Does the description disclose side effects, auth requirements, rate limits, or destructive behavior?

With no annotations provided, the description carries full burden for behavioral disclosure. It states the basic action but lacks critical details such as data freshness, rate limits, error conditions, authentication requirements, or response format. This is inadequate for a tool that presumably interacts with external weather data.

Agents need to know what a tool does to the world before calling it. Descriptions should go beyond structured annotations to explain consequences.

Conciseness4/5

Is the description appropriately sized, front-loaded, and free of redundancy?

The description is efficiently structured with a clear purpose statement followed by parameter explanations. Both sentences earn their place, though the parameter section could be more integrated rather than a separate 'Args:' block.

Shorter descriptions cost fewer tokens and are easier for agents to parse. Every sentence should earn its place.

Completeness2/5

Given the tool's complexity, does the description cover enough for an agent to succeed on first attempt?

For a tool with no annotations, no output schema, and a sibling tool, the description is incomplete. It lacks information about what the forecast returns (e.g., time periods, weather elements), how it differs from 'get_alerts', and behavioral constraints.
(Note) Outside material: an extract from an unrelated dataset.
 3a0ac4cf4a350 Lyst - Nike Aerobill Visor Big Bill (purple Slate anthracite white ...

The agent would struggle to use this effectively without additional context.

Complex tools with many parameters or behaviors need more documentation. Simple tools need less. This dimension scales expectations accordingly.

Parameters3/5

Does the description clarify parameter syntax, constraints, interactions, or defaults beyond what the schema provides?
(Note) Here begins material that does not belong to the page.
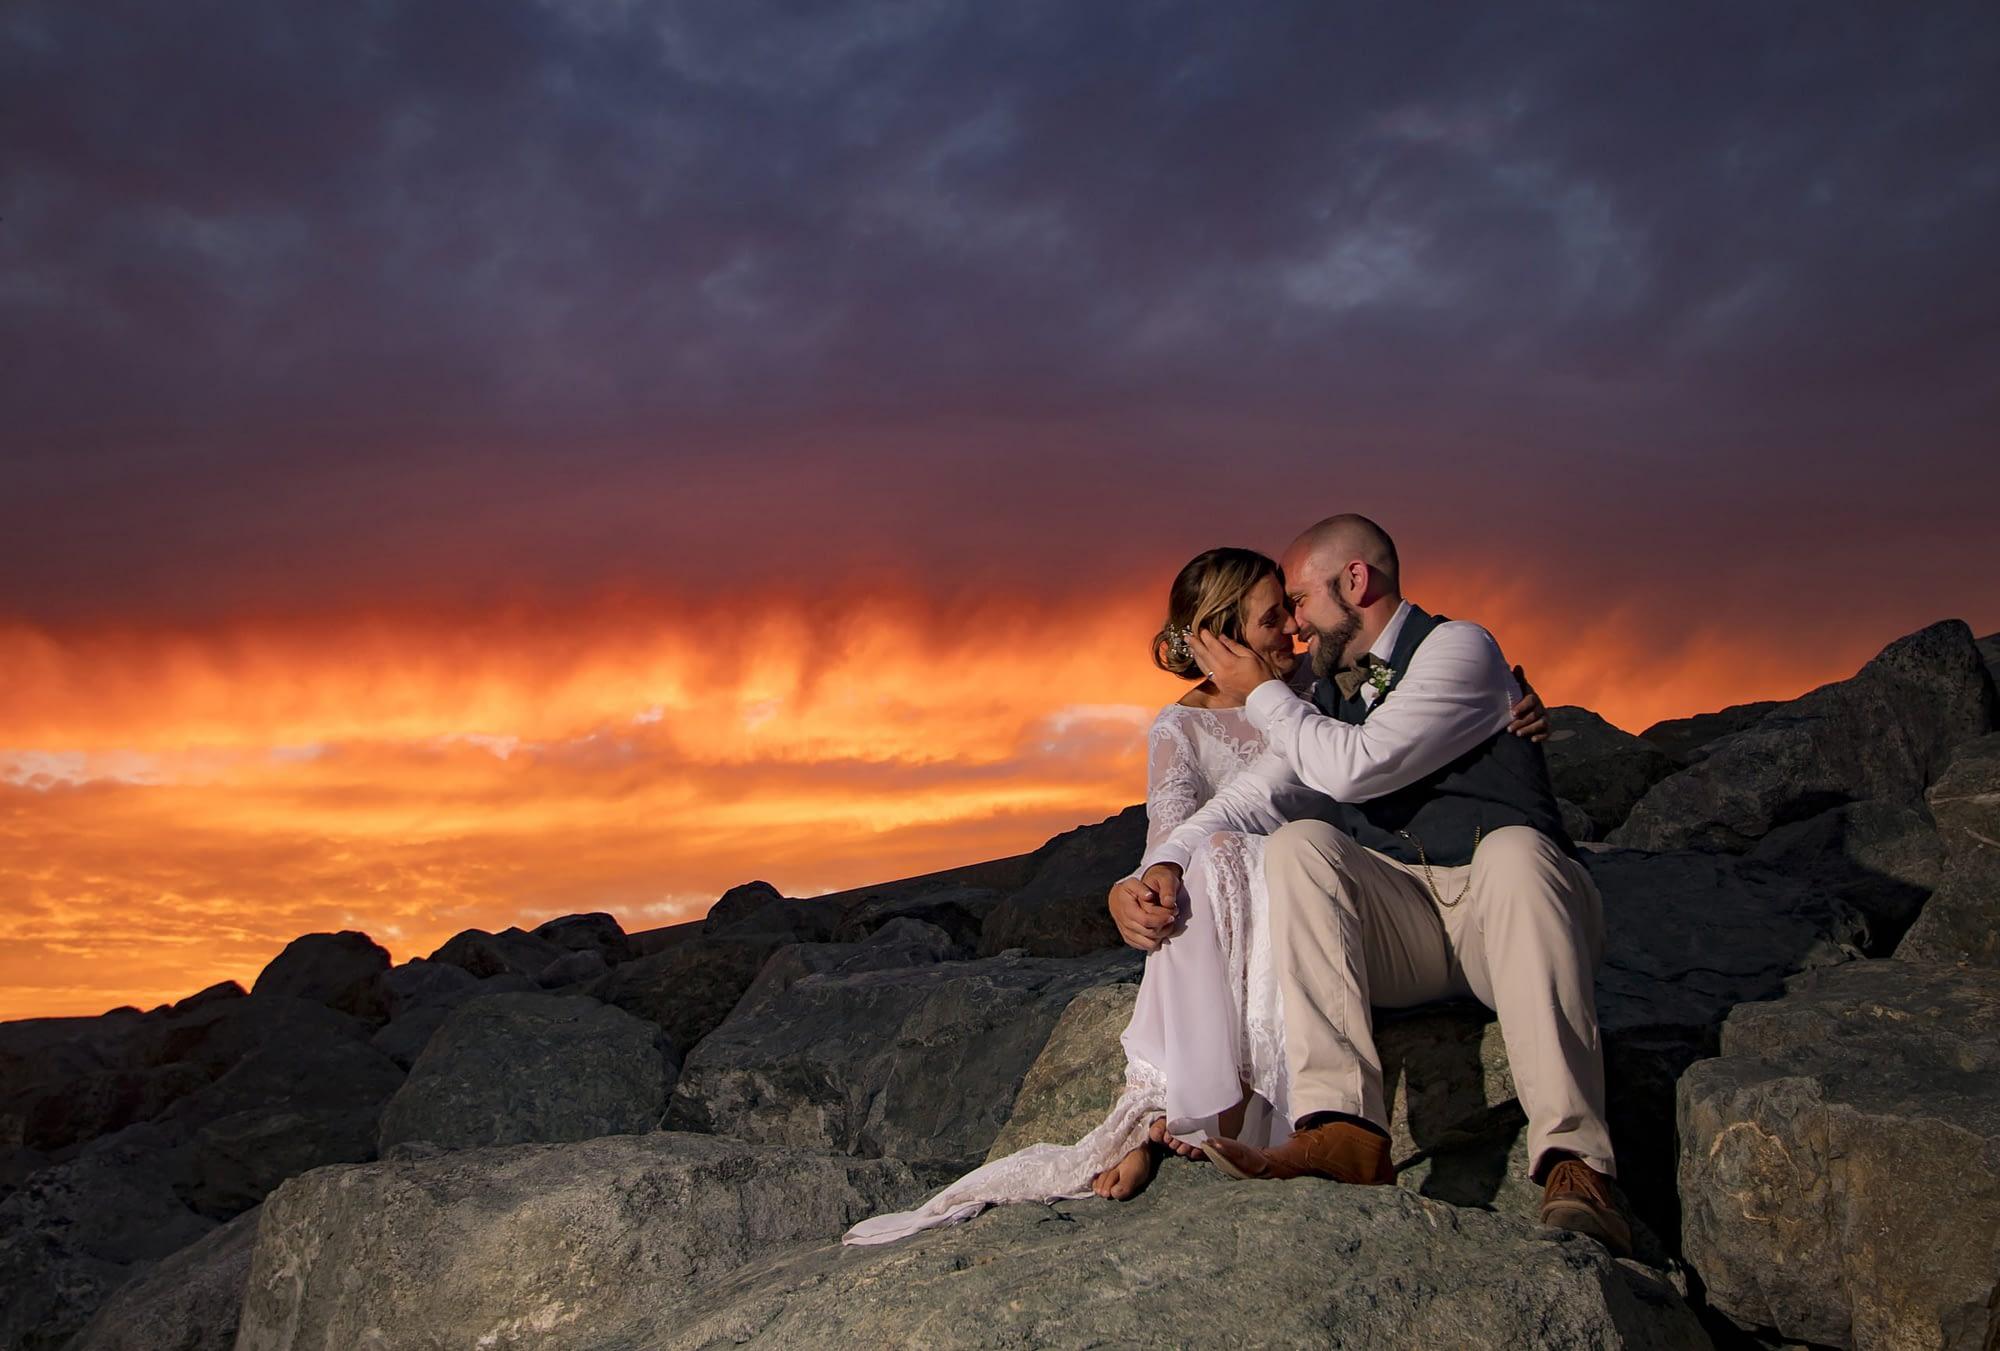 couple sitting on rocks kissing with orange sky

The description lists both parameters (latitude and longitude) and explains they represent the location coordinates, adding meaning beyond the schema's 0% description coverage. However, it doesn't specify coordinate formats, valid ranges, or units, leaving gaps in parameter understanding.
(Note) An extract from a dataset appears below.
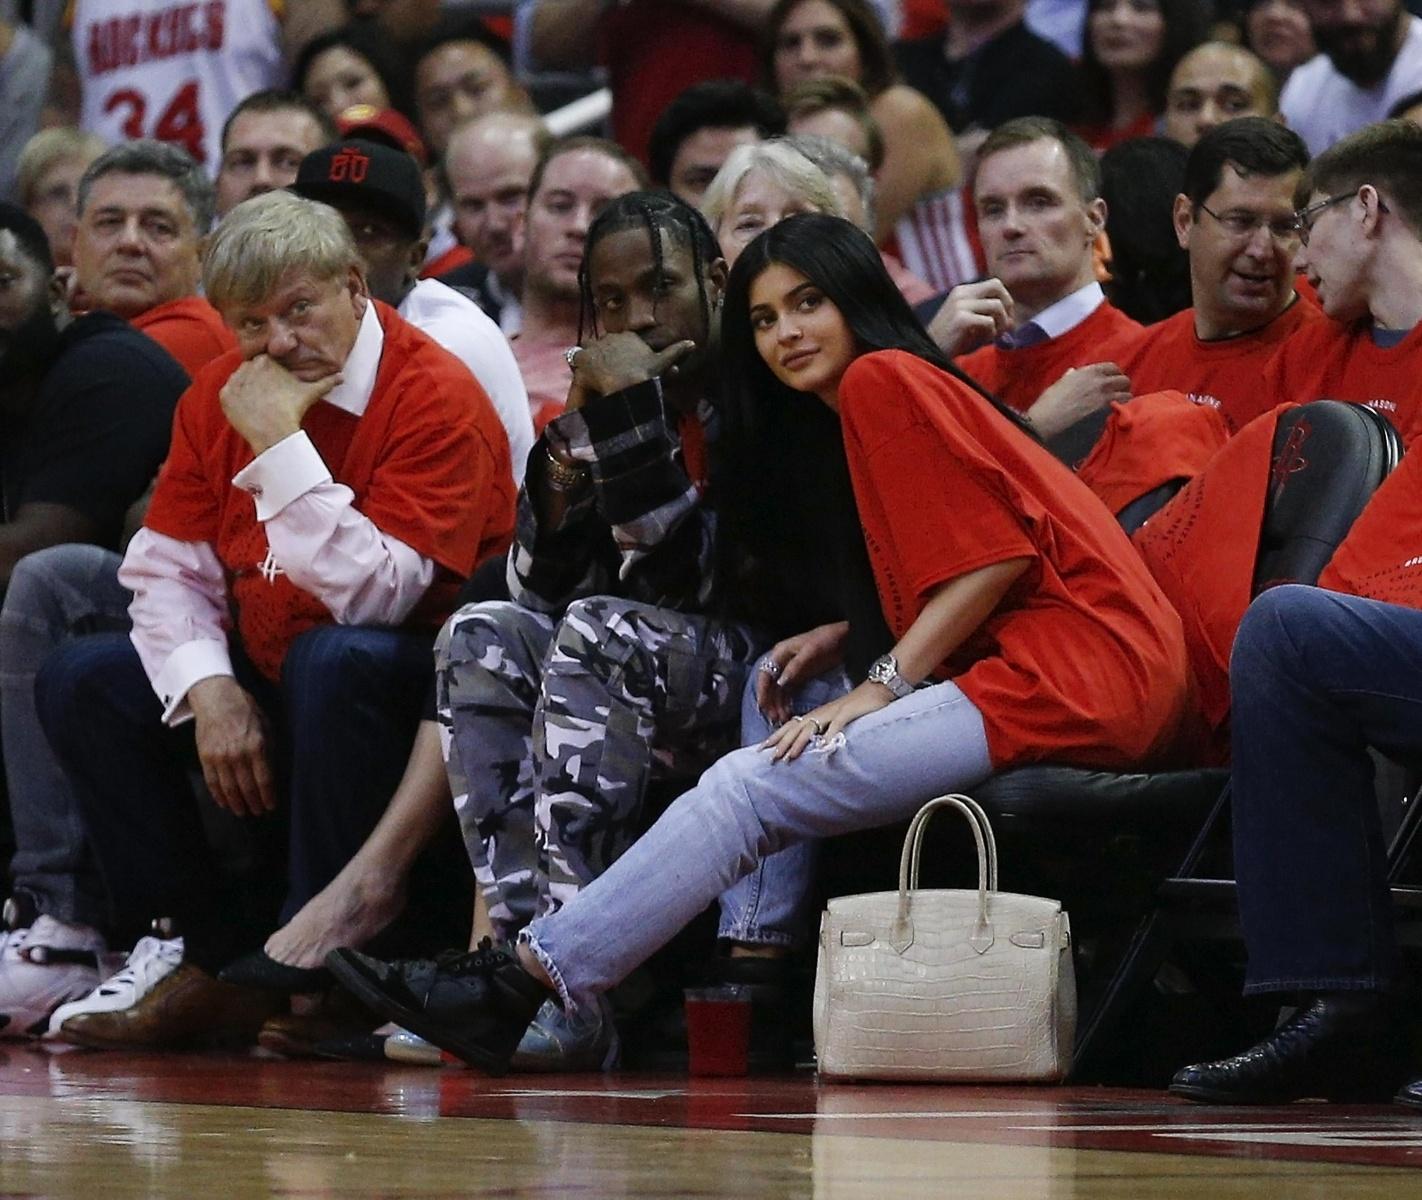 Kylie Jenner uses Fendi stroller for walk with daughter

Input schemas describe structure but not intent. Descriptions should explain non-obvious parameter relationships and valid value ranges.

Purpose4/5

Does the description clearly state what the tool does and how it differs from similar tools?

The description clearly states the tool's purpose with a specific verb ('Get') and resource ('weather forecast for a location'), making it immediately understandable. However, it doesn't explicitly differentiate from its sibling tool 'get_alerts', which likely serves a related but distinct weather-related function.

Agents choose between tools based on descriptions. A clear purpose with a specific verb and resource helps agents select the right tool.

Usage Guidelines2/5

Does the description explain when to use this tool, when not to, or what alternatives exist?

The description provides no guidance on when to use this tool versus its sibling 'get_alerts', nor does it mention any prerequisites, constraints, or alternative scenarios. Usage context is implied but not explicitly stated.

Agents often have multiple tools that could apply. Explicit usage guidance like "use X instead of Y when Z" prevents misuse.